Поутру Иван поимел служанку Арину, как всегда на диване, чтобы с чистой душой, освобожденной от плотских желаний, направится после полудня в гости к старосте. Часто, задумываясь о своих отношениях с Ариной, учитель пытался найти им такое понятие, которое бы никак не связывало его со служанкой, как интимная связь соединяет мужчину с женщиной и придумал: его отношение к Арине подобно отношениям хозяина к вещи: хозяин имеет сапоги, пальто, завтрак, приготовленный служанкой, имеет её тело, необходимое ему для душевного спокойствия и к взаимному удовольствию.

У старосты уже оказались и священник, и урядник, и даже волостной старшина – все без жён и деток, когда Иван пришел. Сельская верхушка власти обсуждала указ царского правительства о проведении земельной реформы, разговоры о которой велись еще с лета, но теперь стали законом, который старшина привез из уезда.

Как и предполагал староста, министр Столыпин по царскому велению разрешил крестьянам выход из общины с надельной землей, что была у семьи в пользовании. Эта земля переходила в собственность главе семьи навечно и могла теперь передаваться по наследству.

– Всё, не будет больше мира в деревнях по всей России, где есть надельная земля. Кто сейчас пользуется хорошей землей и одним наделом, – тот её и оформит во владение, выйдя из общины. Кому достанется сейчас земля похуже, да еще и кусками чересполосицы, тот либо продаст землю вовсе и уйдет из села в город, либо сдаст эту землю в аренду крепким мужикам, либо будет горемычно страдать в нищете на этой земле, не в силах сводить концы с концами.

Я, что греха таить, надеялся, что царь-батюшка поделится землицей государевой с крестьянством, да и помещиков своих поприжмет уступить часть земель. Тогда крестьянская община смогла бы всех наделить землей в достатке: только работай – глядишь и безлошадные семьи тоже как-нибудь вывернулись из нищеты с помощью общества, а оно вон как вышло: у кого оказался в руках кусок землицы пожирнее, тому она и достанется.

Не понял этот министр Столыпин, что Россия держится на крестьянской общине и вместо укрепления этих общин, он с царской помощью принялся разрушать уклад нашей жизни. Быть большой беде от этого указа, кровушки народной прольются реки – это будет почище, чем революция пятого года – закончил староста села свои мысли.

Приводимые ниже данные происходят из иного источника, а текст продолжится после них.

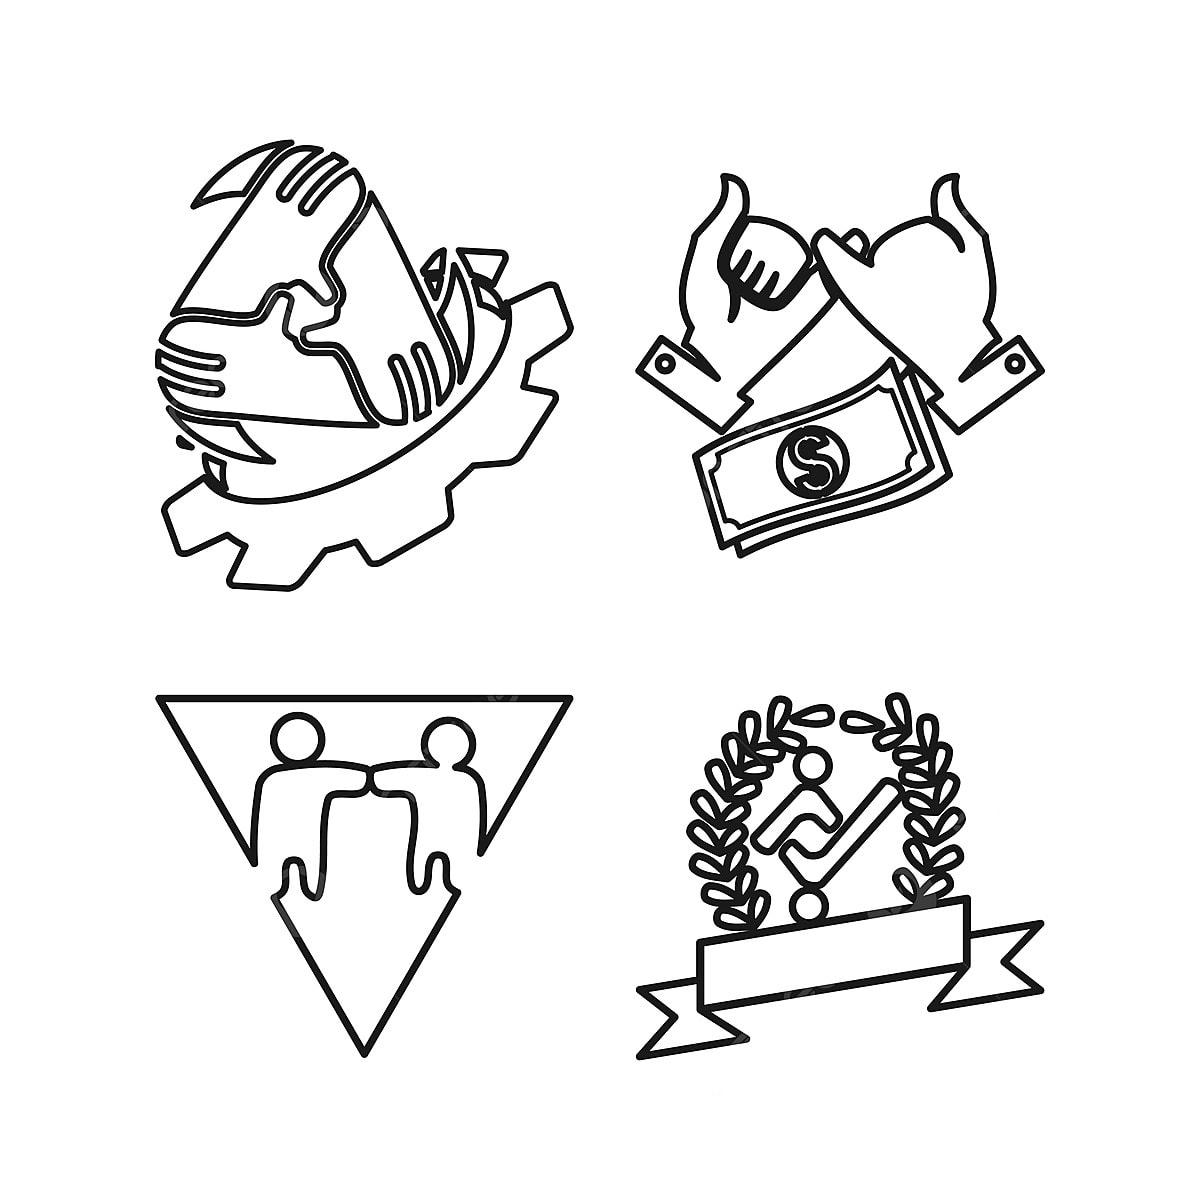 Open Outline Stock Illustrations – 52,233 Open Outline Stock Illustrations,  Vectors & Clipart - Dreamstime

– Ладно тебе причитать, Тимофей Ильич, – одернул урядник старосту. – У тебя самого землица хорошая и надел побольше, потому что староста: тебе первому сподручно будет выйти из общины, да и старосты, как я слышал, теперь будут не избираться народом, а назначаться уездным начальством. У тебя, Ильич, и земля останется, и должность сохранишь. И другие крепкие семьи возьмут землю и будут будто поместные дворяне хозяйничать на этой земле, а голь перекатная пусть продаёт землю, пропивает деньги и подаётся в города на заработки, коль здесь в селах на земле прокормиться всем не удается, – подвел итог урядник, а старшина волости поддержал его.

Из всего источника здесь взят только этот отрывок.